How is it possible to surrender if you’re not in a war?
Even if it were possible, how is anything DeSantis said akin to surrendering?
Putin himself has said it’s not a border dispute. He said it was an operation to de-Nazify Ukraine. And then early in the war he sent massive armor (battalions?) to surround capture Kyiv which is deep in Ukraine, away from the border. In 2014 he took Crimea. In 2016 he took an Eastern province. ( I may have the details a little off; I’m going by memory. ) How many times is the border supposed to be his play? At some point any reasonable person will conclude it’s not about the border. And I assure you, it’s not about de-Nazification.
I took it as a possibility too. It was a shrewd political statement. He criticized the unaccountable spending, not the spending or the war. Of course, if spending is unaccountable it should be criticized. He left himself wiggle room to pivot in any direction and to parry any political attack. Like I said, this is an A+ in a political grade.
As it says in the article:
So yes, it is technically a “territorial dispute” in the sense that Putin disputes Ukraine’s right to control any territory at all. In that sense, China vs. Taiwan and Israel vs. the PLO are territorial disputes as well.
Bryan and Drew,
We are all adults and Ricochet is a civil discussion site.
Best,
Gary
Curious, then, that Putin hasn’t put any of these Nazis on display.

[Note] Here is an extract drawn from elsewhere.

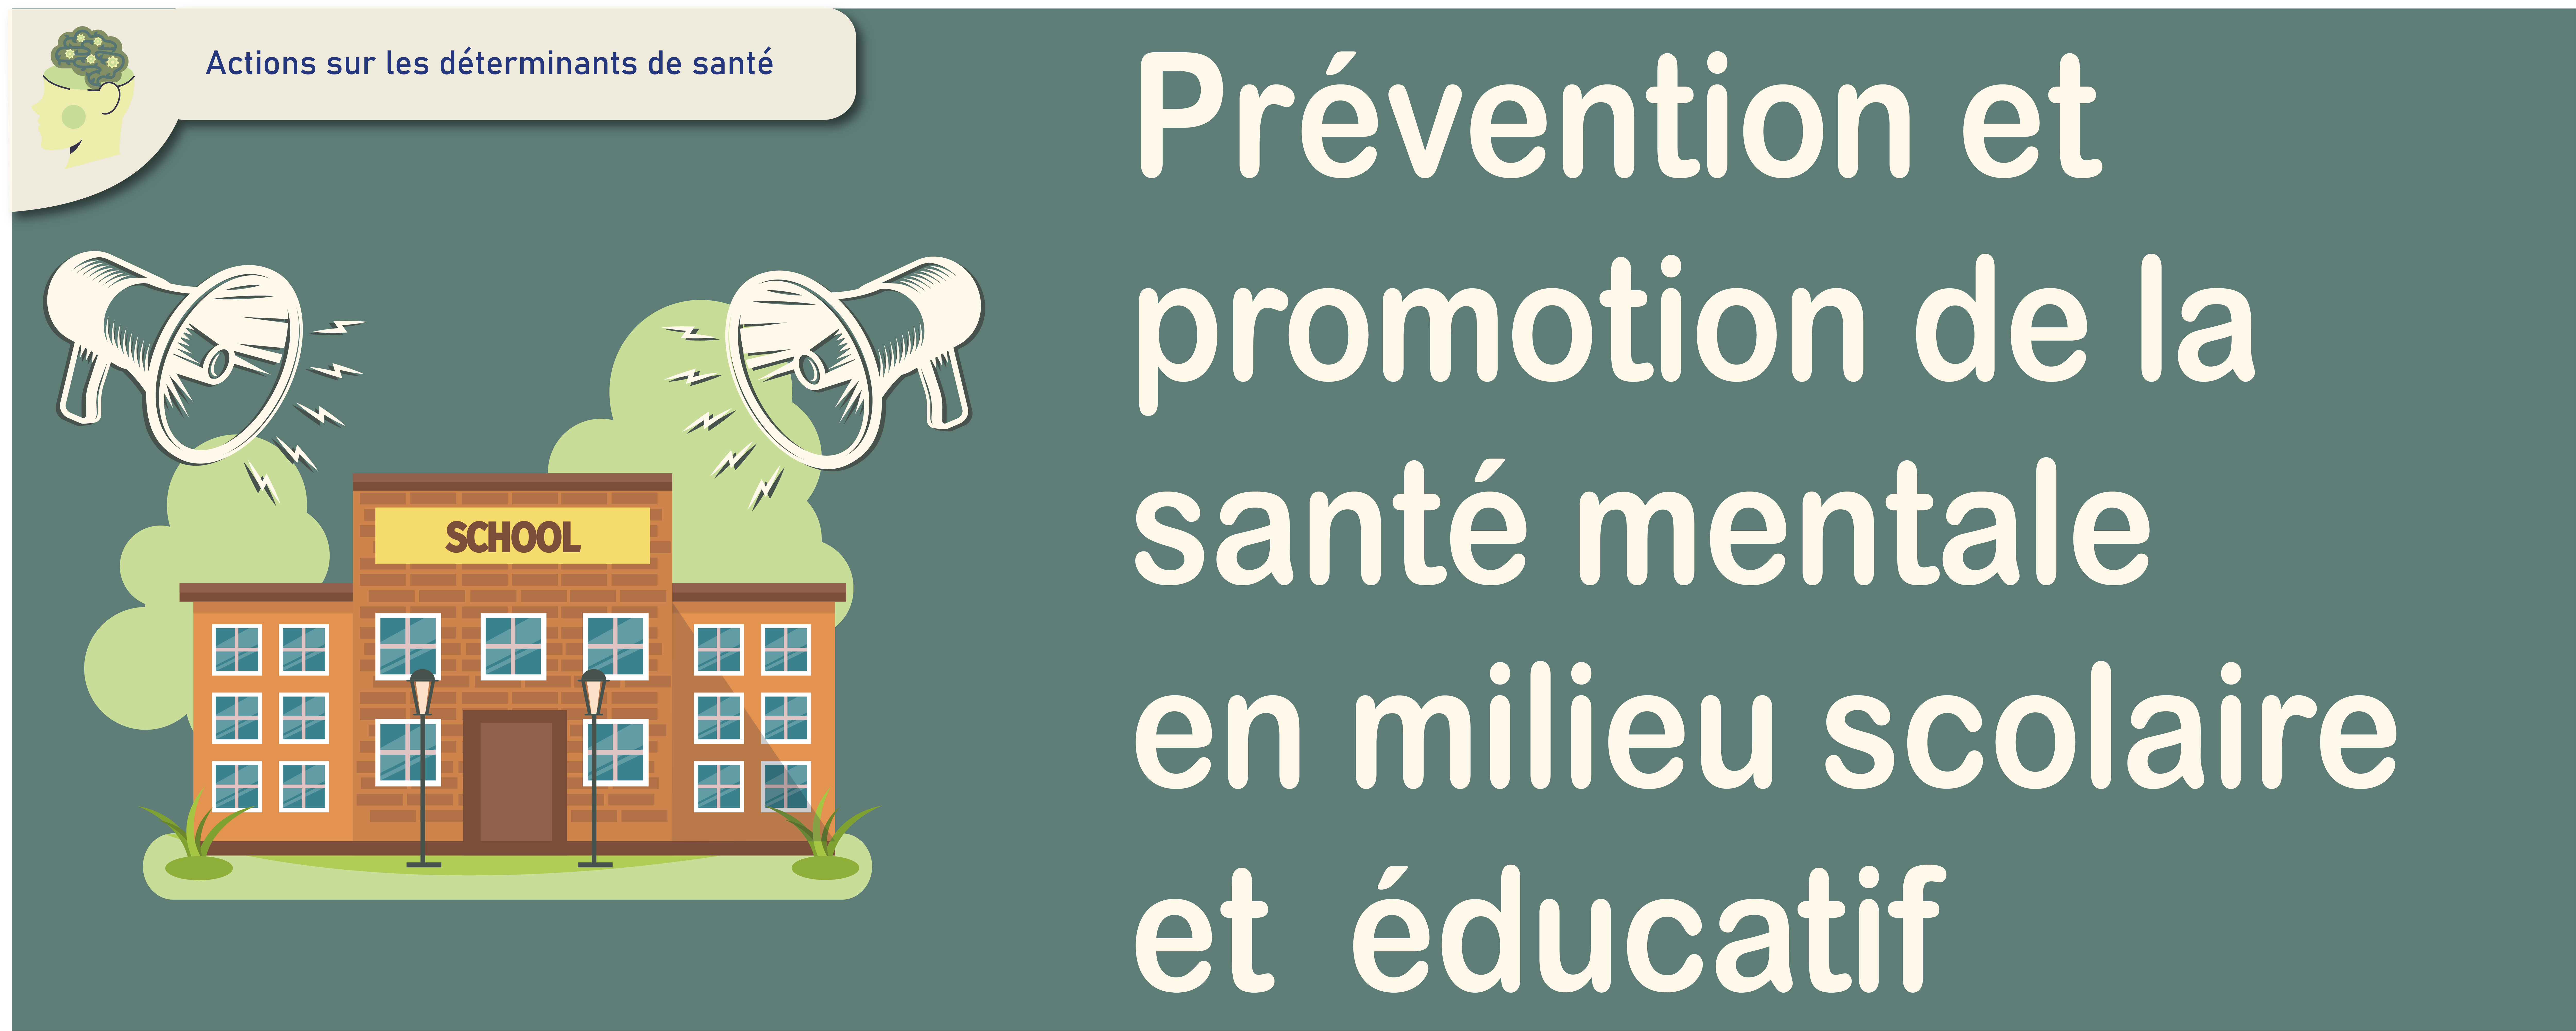 2276x1143_Prévention_promotion_SM_scolaire_Plan de travail 1.png

Territorial in this respect is not the same thing as border. He wants the whole damn thing.
This is a strange new line of yours.
Nevertheless, I stand by my prediction!
If the Russians stopped fighting, there’d be no more war. If the Ukrainians stopped fighting, there’d be no more Ukraine.
Well said!
If pigs had wings, they could fly. If I found an oil well in my Florida backyard, I would be rich…….
Yes.
Adults own their behavior.
I’d like to take credit for it, but I saw it on a banner.
Imagine buffalo wings made from pig wings!

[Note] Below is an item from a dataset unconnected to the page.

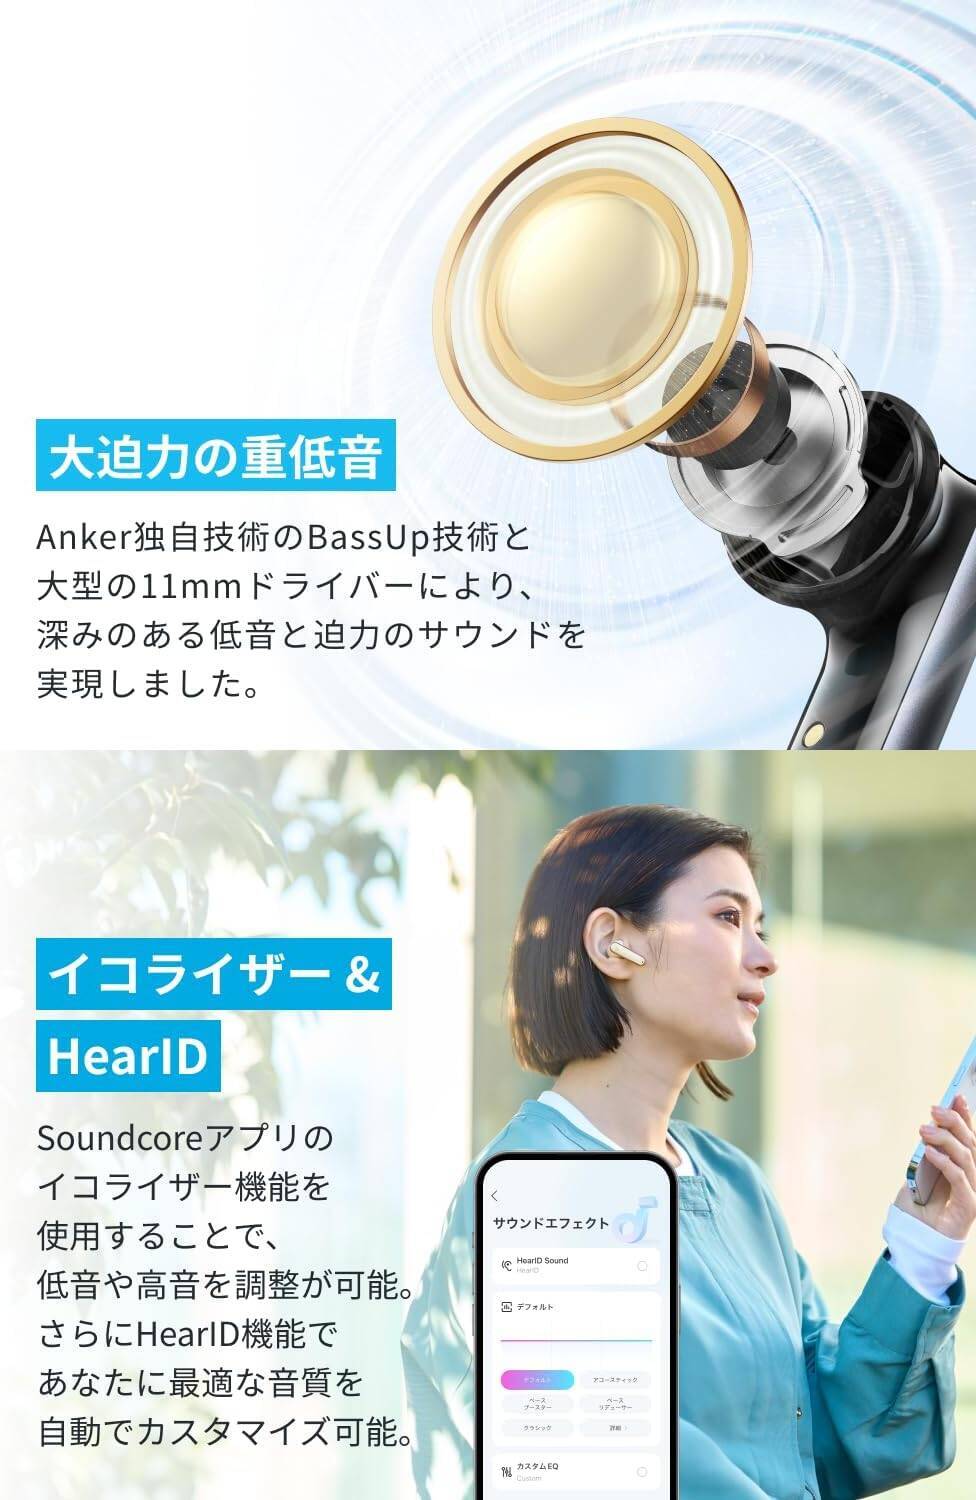 【新製品】人気NCワイヤレスの次世代機「Anker Soundcore P40i」が発売
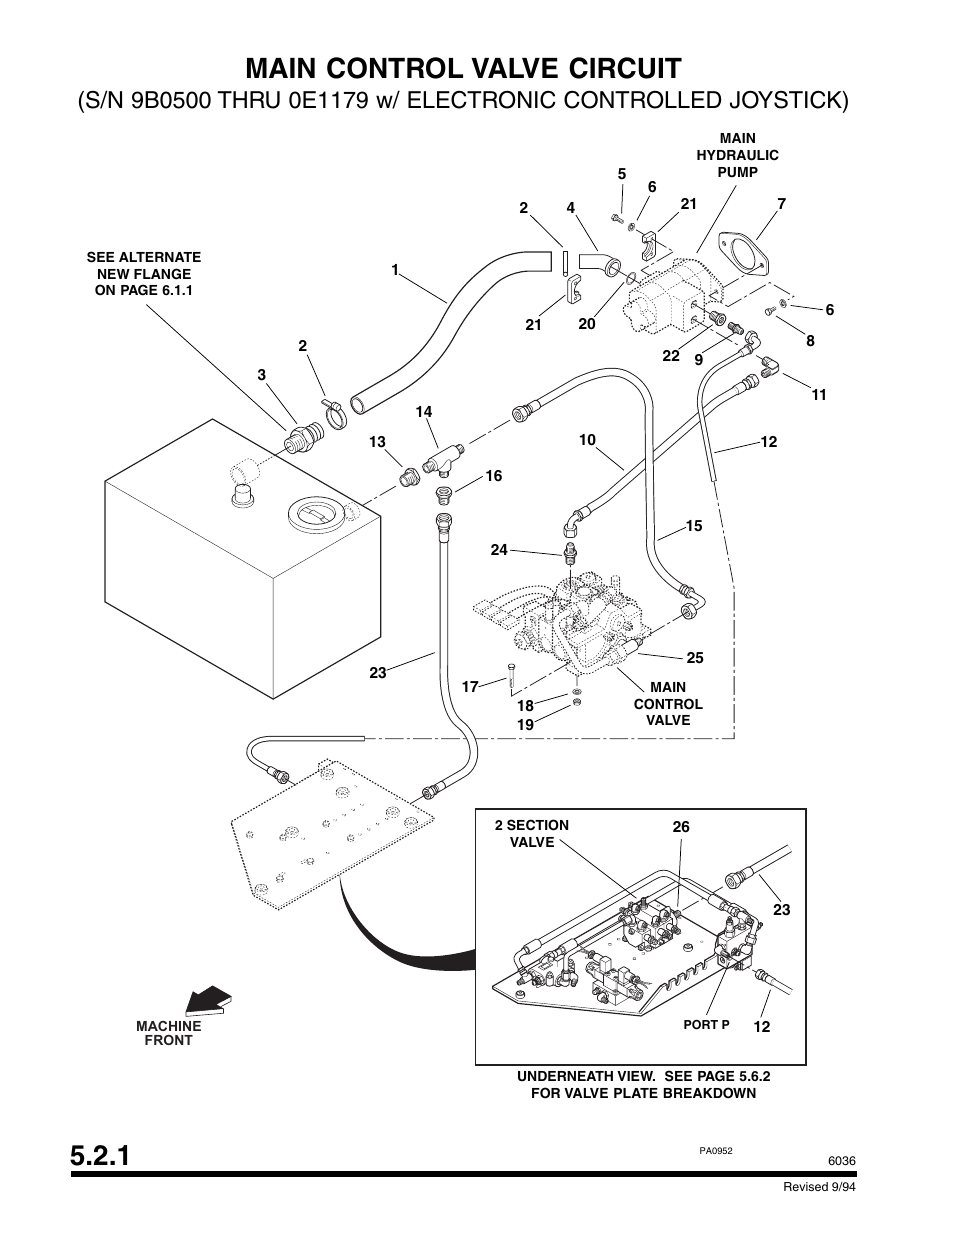 1 main control valve circuit | SkyTrak 6036 Parts Manual User Manual

I’m most familiar with this from the Israel context, and I agree whole-heartedly, and for the same reason.
Absolute rubbish. The war started in 2014 with the CIA- and EU-backed coup in which Russian speaking civilians were slaughtered by Ukrainians. There was a local militia formed in the Donbas to protect themselves against the Ukrainians. The Russians supplied the Donbas militias. The Russians and the militias had the Ukrainians surrounded and were about to crush them when Merkel went to Moscow to stop them. Putin agreed to a cease fire and the Minsk Agreement followed. Merkel among others later revealed that this was all a ploy to allow Nato to provide weapons to the Ukrainians and build them up. The Ukrainians continued to shell Donbas for the next 7 years and refused to implement the Minsk Agreements.
I still love how America is paying for Ukrainians to get better health care than many of Americas own citizens.

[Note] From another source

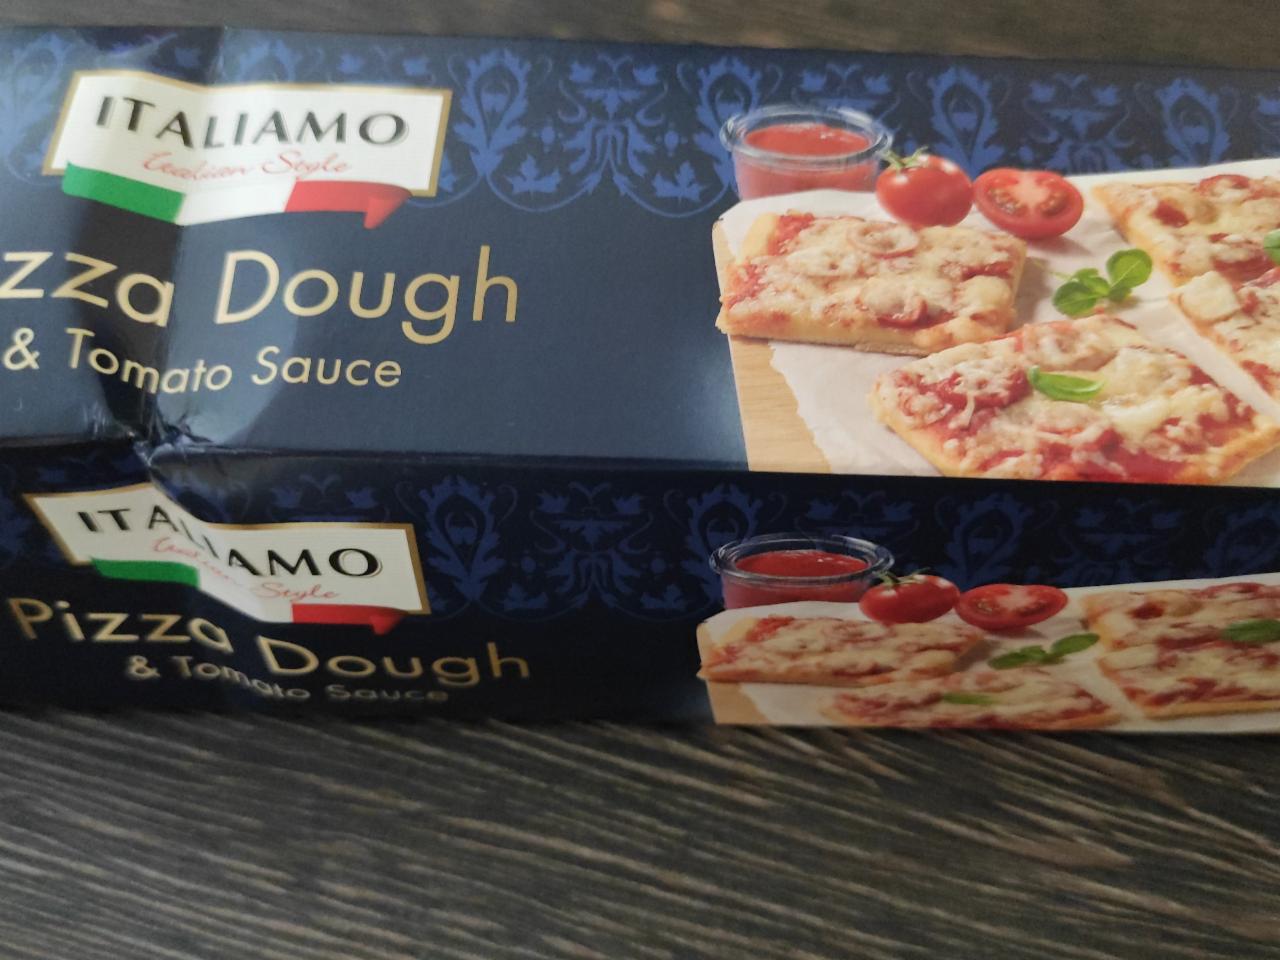 Zdjęcia - Pizza Dough & Tomato Sauce italiamo

That opening sentence . . .
Love it!
And the rest . . .
And where is your evidence for what I count as about four conspiracies in that claim?
Wait . . . what are the four items here you doubt happened?
You see, Manny, all the mass graves for all those Russian-speakers were cleverly hidden in the parts of Ukraine that Russia hasn’t occupied yet.
Soylent Red.
Are you working as a propagandist for the Biden Administration? Anything that goes against their lies is a conspiracy theory.
Only someone who has paid absolutely no attention to the relationship between the Eastern European countries and the EU could say that with a straight face.
If anything it’s been the reverse to date: Eastern European countries have sent their own forces to fight and die in Iraq and Afghanistan to help us. Poland, for instance, had 44 soldiers killed in Afghanistan and 30 in Iraq.
Also, eastern Europe has resisted some of the more wokish aspects of the European union. It’s partly a generational conflict within eastern European countries, and partly a conflict with countries that have a real threat on their borders to consider.